The primary vegetation attributes of a plot-based classification protocol are the attributes consistently used to determine whether plot records are members of the same or different vegetation types. Analogously, the primary vegetation attributes of a type-based protocol are the attributes consistently used to determine which vegetation types of a lower rank are grouped to form a vegetation type of a higher rank. In both cases, these are attributes of the vegetation itself and not of its environment. Vegetation classifications are often required to describe, reflect or indicate other vegetation characteristics not included in the set of primary attributes, or external factors, such as climatic or edaphic conditions, anthropogenic disturbance regime or biogeographic history. The term secondary attributes is used to collectively refer to all those attributes (whether of vegetation or not) that are not primary vegetation attributes. A special situation arises when a subset of secondary attributes, without being explicitly used to determine membership, are used to constrain the definition of vegetation types. The framework refers to these as constraining attributes of the classification protocol. For example, although ‘classes’ of the Braun-Blanquet approach are defined using floristic composition, a specific subset of plant taxa may be selected as primary attributes in order to make classes distinct in terms of environmental conditions and biogeographic context. The presence or absence of those taxa is the only information needed to consistently determine membership, but climatic and biogeographic factors have indirectly influenced the definition of vegetation types.
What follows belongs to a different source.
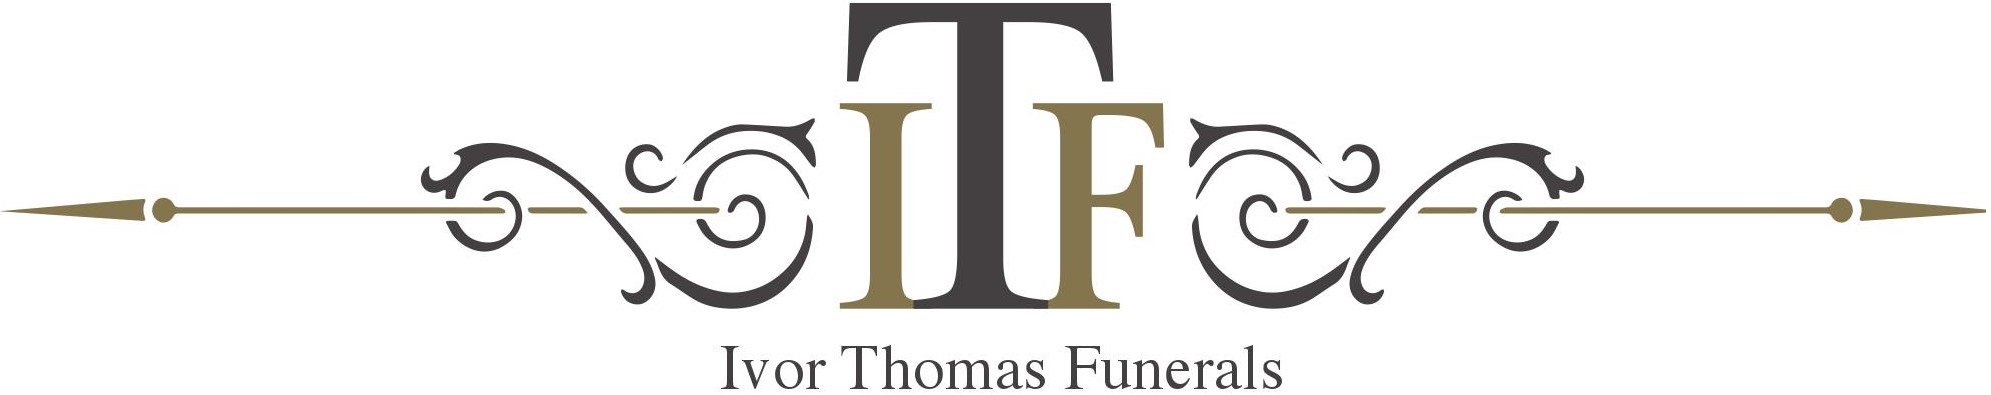 logo for Ivor Thomas Funerals

The extensive class definition of a plot-based vegetation type is a list of the plot records that belong to it. This list will be enlarged every time new plot records are assigned to the type. Analogously, the extensive class definition of a type-based vegetation type is a list of the vegetation types of the lower rank that belong to it. The intensive class definition of a vegetation type is a statement about the values of primary vegetation attributes that are required to be a member (either plots or vegetation types of a lower rank). A broader property of a vegetation type is its primary characterization (or description), which includes all statements about primary vegetation attributes. Whereas intensive definitions impose limits to plot membership for a single vegetation type, they are often not sufficient to unambiguously determine the membership of a plot record among the set of vegetation types that constitute a CCS. The framework refers to the formal procedures used to determine the membership of new plot records to the predefined vegetation types of a CCS as assignment rules. Because different sets of assignment rules can produce different plot memberships, the definition of a CCS should include a preferred set of assignment rules. To preserve consistency, such set of rules should be able to reproduce the extensive class definition of vegetation types when applied to the original plot records. These are named consistent assignment rules. Additional sets of rules of a CCS are referred to as complementary assignment rules. While the attributes used in the consistent rules must be primary vegetation attributes, the attributes used in complementary rules may be either primary or secondary.